* [Task prompt] For this exercise, please transcribe exactly and only the lines from the one containing "Finnon Lake California" through the end of the material, both ends included, without pictures.

* [Supplied information]
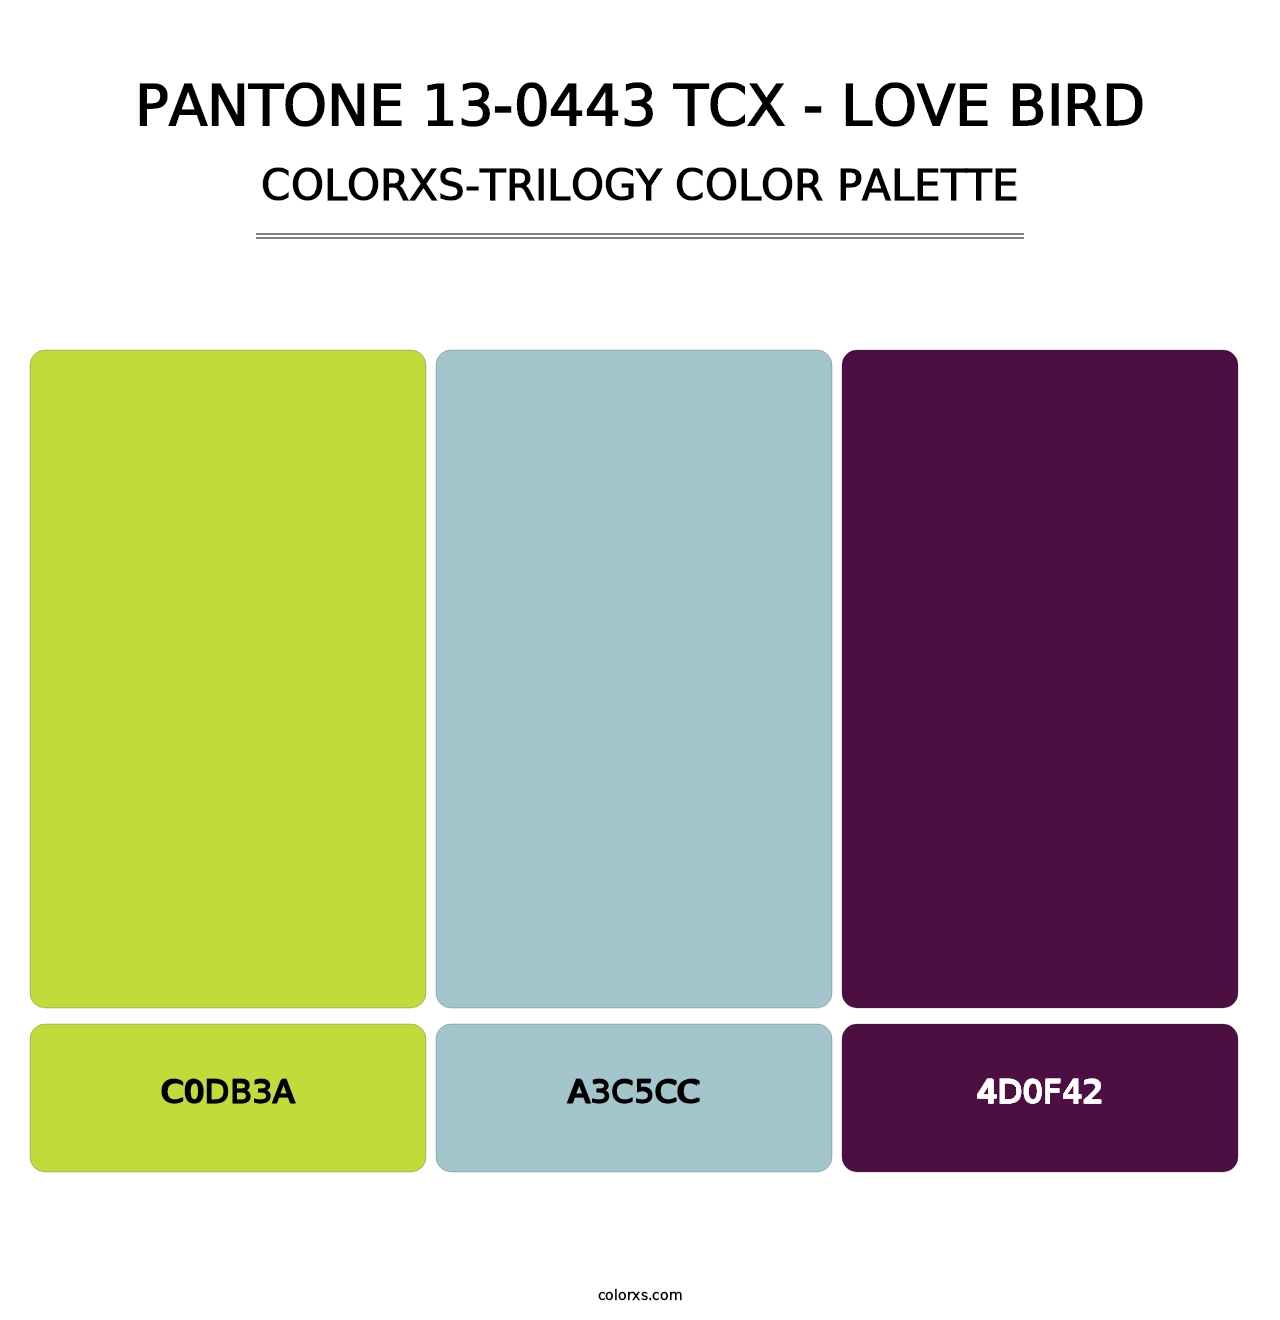 PANTONE 13-0443 TCX - Love Bird - Colorxs Trilogy Palette
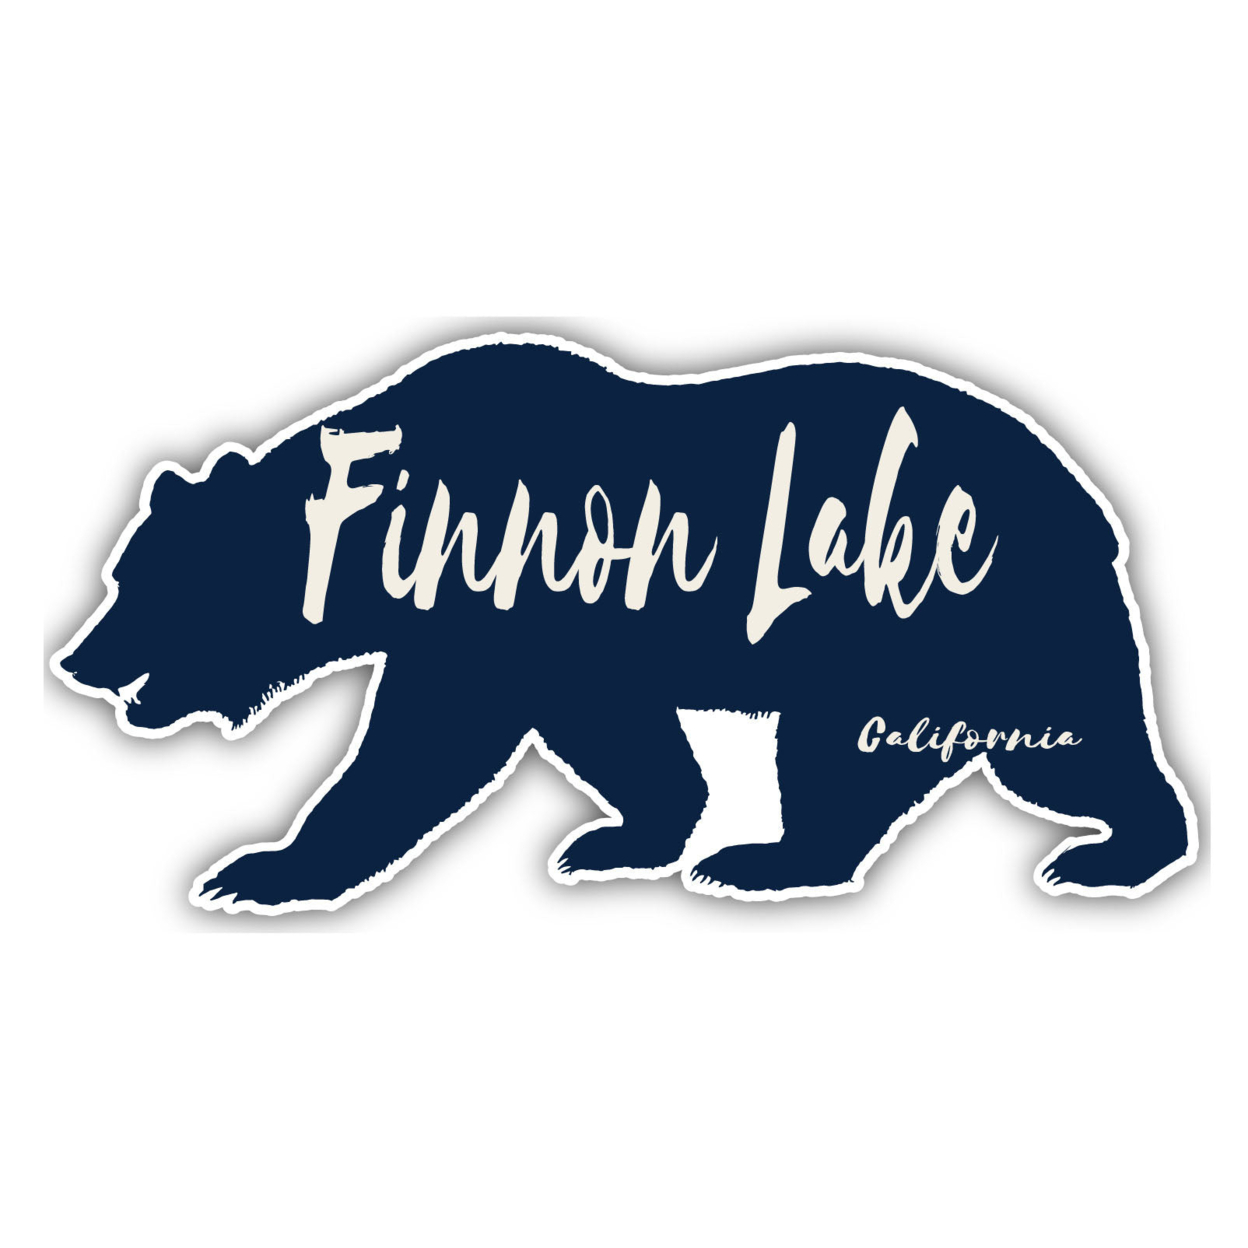 Finnon Lake California Souvenir Decorative Stickers (Choose Theme And Size) - 4-Pack, 10-Inch, Tent
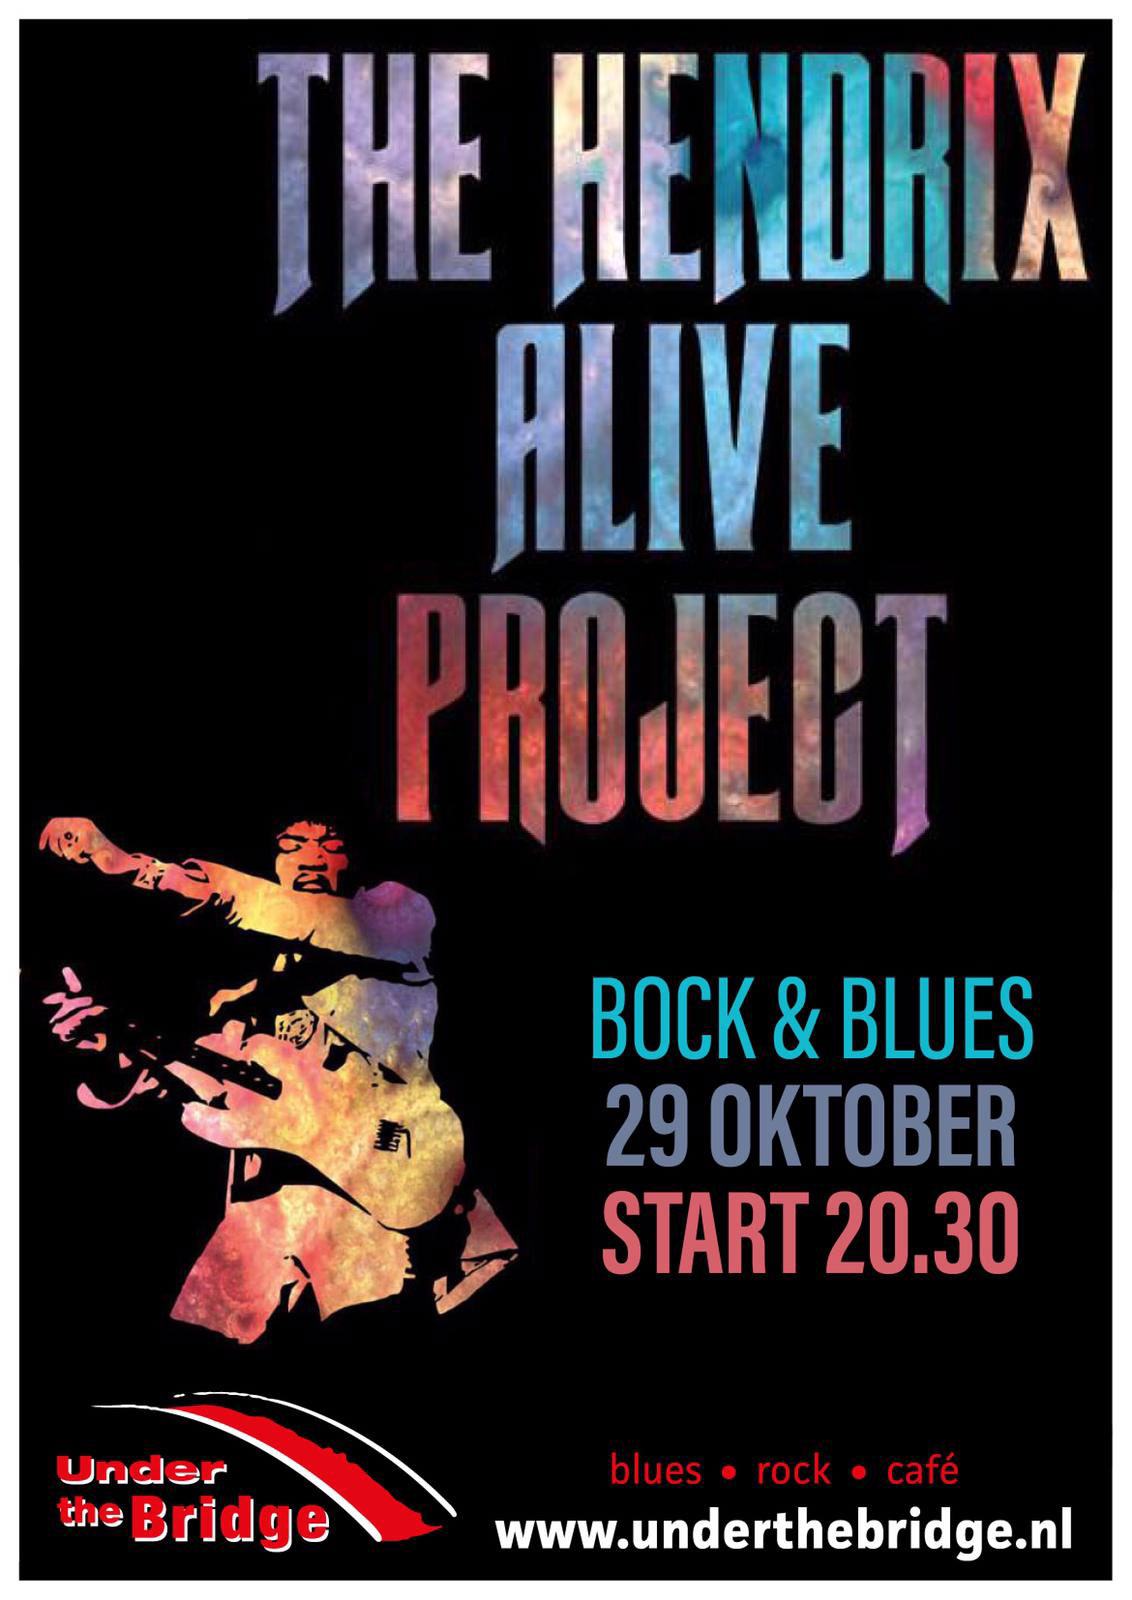 Hendrix Alive Project live in Under The Bridge

* [Written solution]
 Finnon Lake California Souvenir Decorative Stickers (Choose Theme And Size) - 4-Pack, 10-Inch, Tent
 Hendrix Alive Project live in Under The Bridge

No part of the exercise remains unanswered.